A secure threat model and trust boundaries such that adversaries cannot intervene in syscall dispatch from userland (Rootkits always gonna rootkit) or to subscribe to the signals (similar protection would be needed as to ETW:TI).
Suspending threads mid-syscall feels.. dangerous.
Performance (objectively, this needs measuring. It would be good to test under real-world workloads).
Thread / system resource starvation.
Deadlocks.
‘Time of check time of use’ with regard to processes / SSNs being marked.
Fast copies into PSOs (we do not want to waste cycles by copying data into buffers unnecessarily).
Efficient communication and operation when PSOs are raised - does the EDR element need to open processes, inspect memory, etc. How acceptable is this?
Could these changes affect legacy applications? (my gut tells me no)
Would putting a thread in an alertable state cause recursion issues (given its smack bang in the middle of a hot syscall dispatch path), could it introduce other weird side effects / undefined behaviour? What happens if a suspended thread needs to service an APC which itself makes a hooked syscall..?
Can a threat actor abuse this to DOS a system?

I think these are not impossible to solve, but serious profiling and testing is needed. I am only at the beginning of this POC project, I have started the outline of the system and it is now on GitHub.

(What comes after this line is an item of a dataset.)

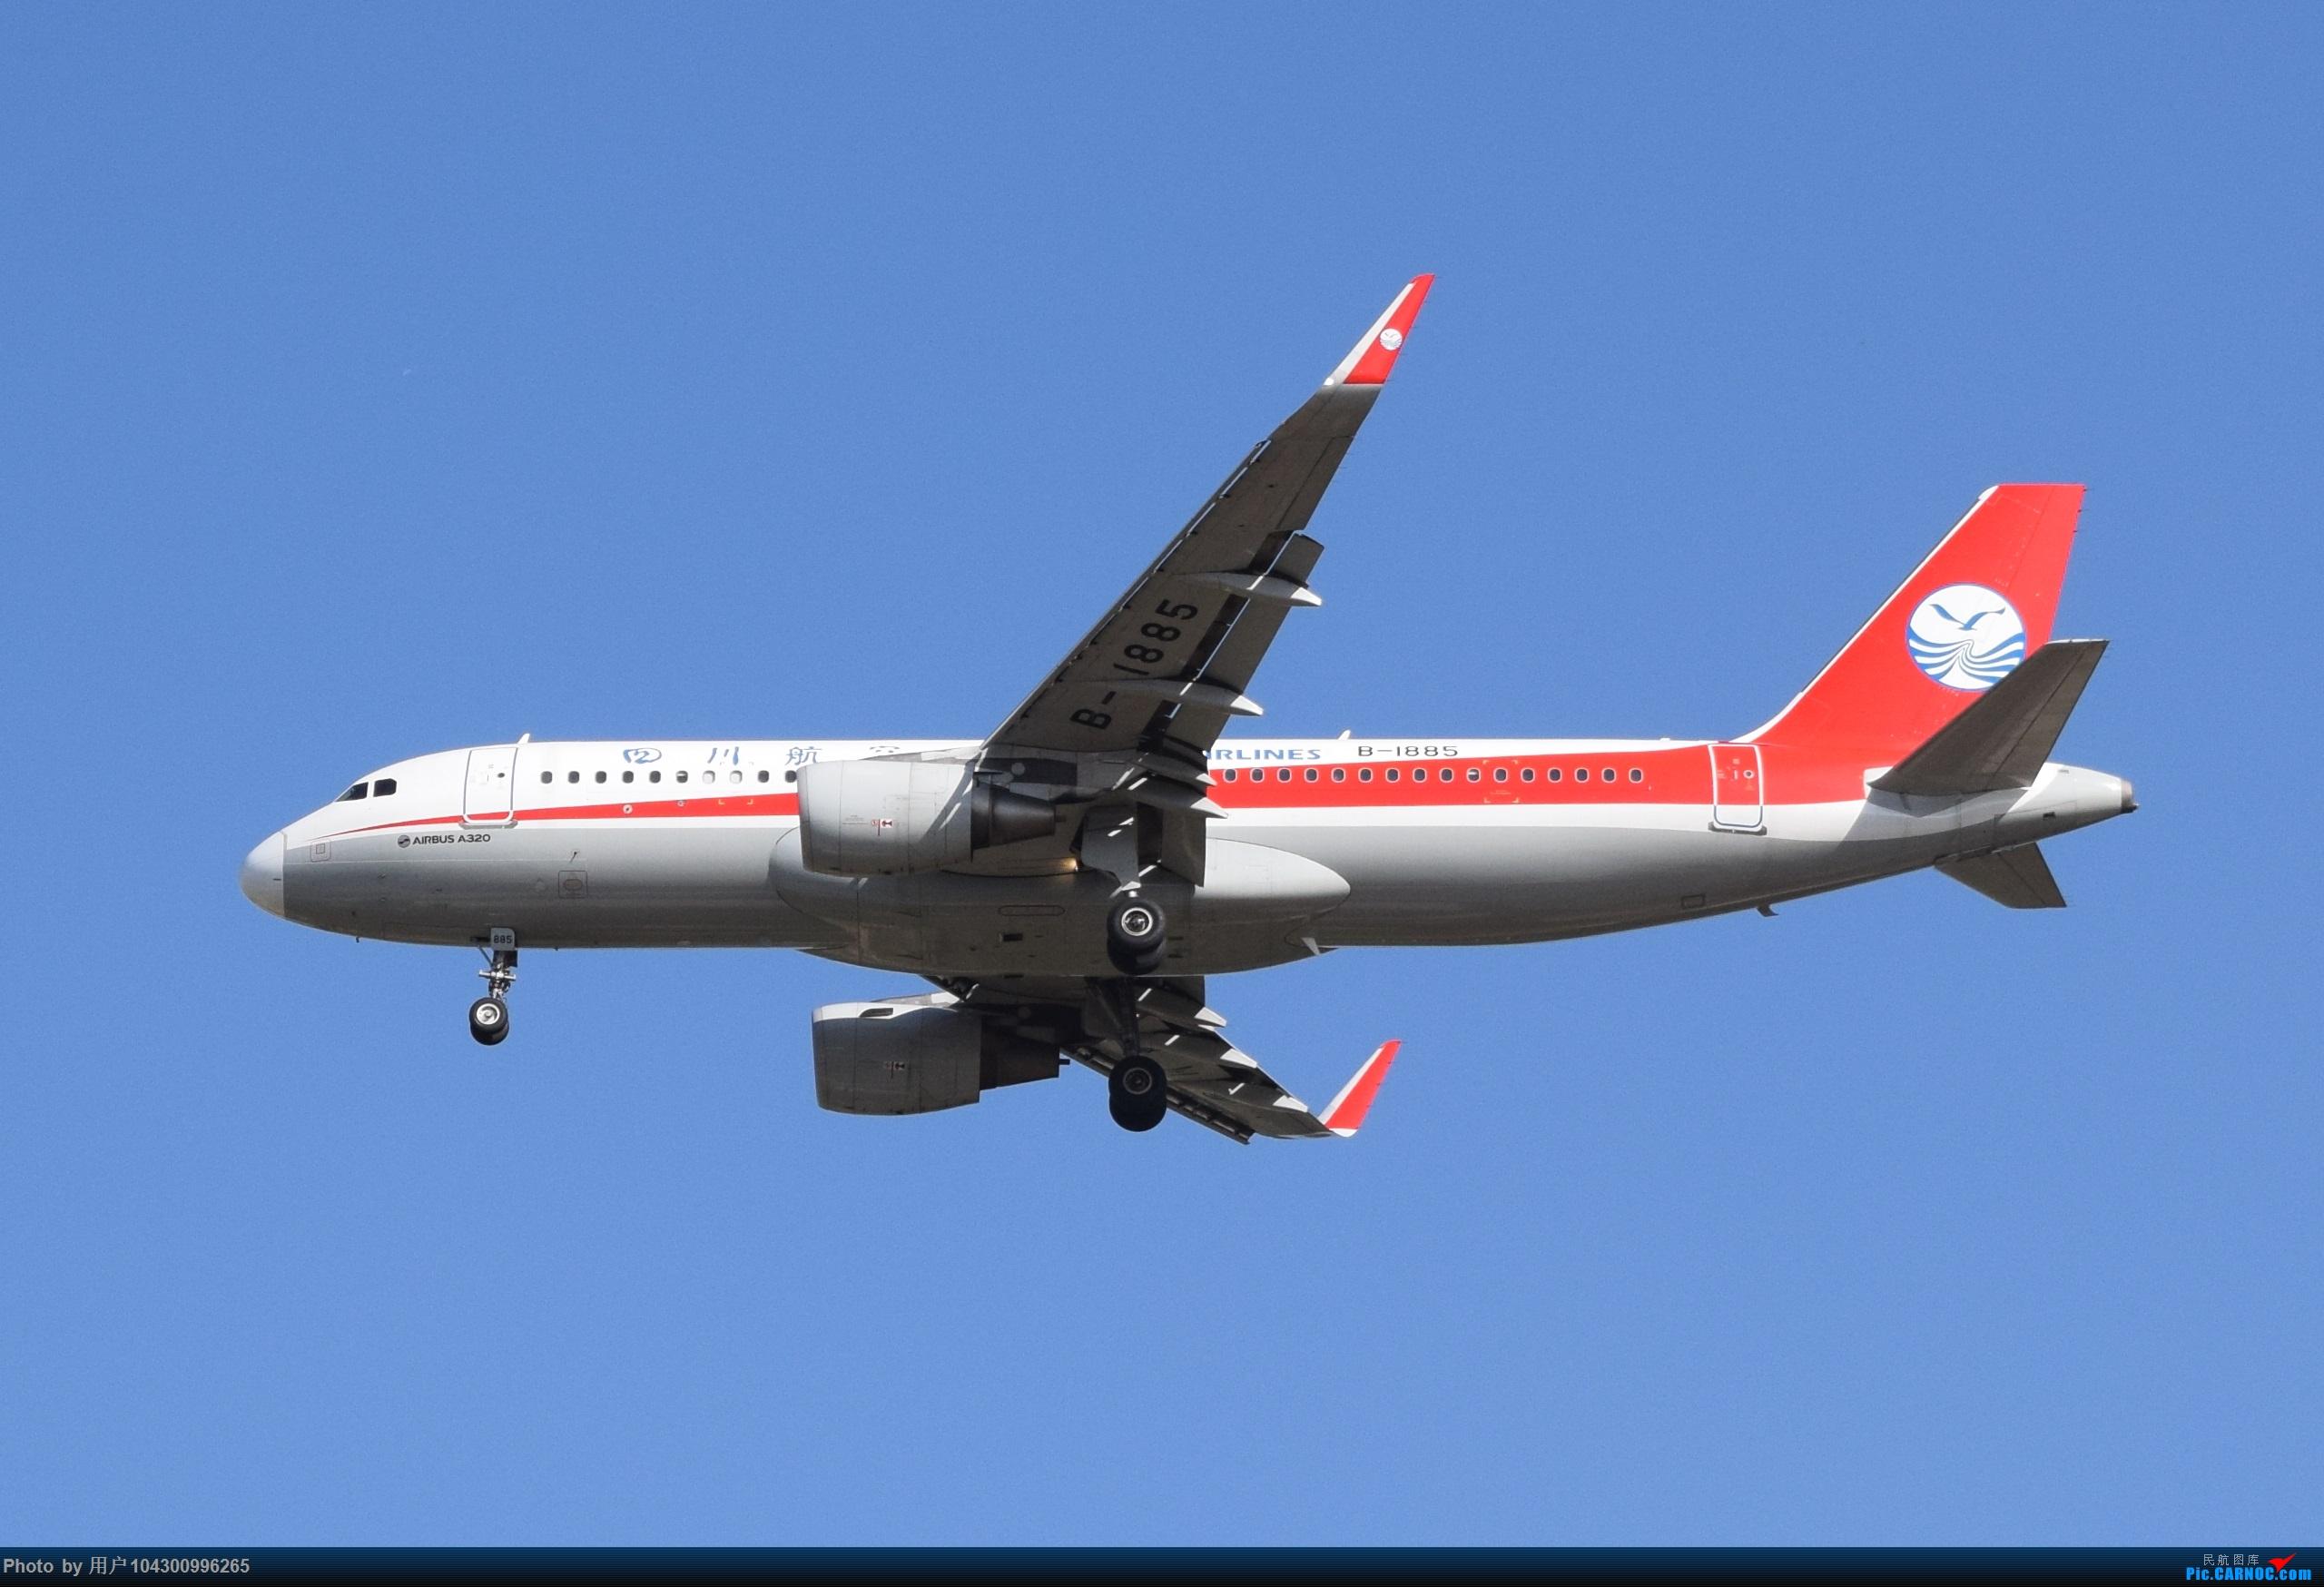 Re:[原创][KWE]贵阳今天天气不错,随便拍几张! AIRBUS A320-200 B-1885 中国贵阳龙洞堡国际机场

I’m going to begin development on this once I nail down a few of the more transactional APIs, and I need to do some serious testing of suspending threads (alertable) mid-syscall. I think this surface could be API’ified by Microsoft, and make more stable than I could ever dream of with their kernel engineers, and provided to security vendors. I do not work for a security vendor and I don’t know how fully they can integrate into the OS (if anything is shared behind the scenes), but I would love to see an effort in the future into providing more integration into the OS without relying on undocumented APIs. Threat actors aren’t slowing down, if anything, there are more than ever.

Next steps

I am not underestimating the complexity of this. But to break this down:

Define a threat model and trust boundaries. State explicitly how the system design would prevent malware from taking over the subsystem’s intentions.
Start with the logging module - apply this system wide and log all syscalls to a file via the user-mode EDR signal receiver.
Experiment: Hook NtOpenProcess in a test process and test the synchronisation object methodology, having the user-mode process signal back to resume execution.
Trial non-alertable waits.
Define what PSOs should look like.
Properly implement the PSO dispatch routine.
Add callable APIs (would have to be via IOCTLs, or maybe I can make up my own SSN’s and use AltSyscalls to dispatch them, that would be rad) that security vendors may be interested in the kernel extending.

Until next time, ciao xo!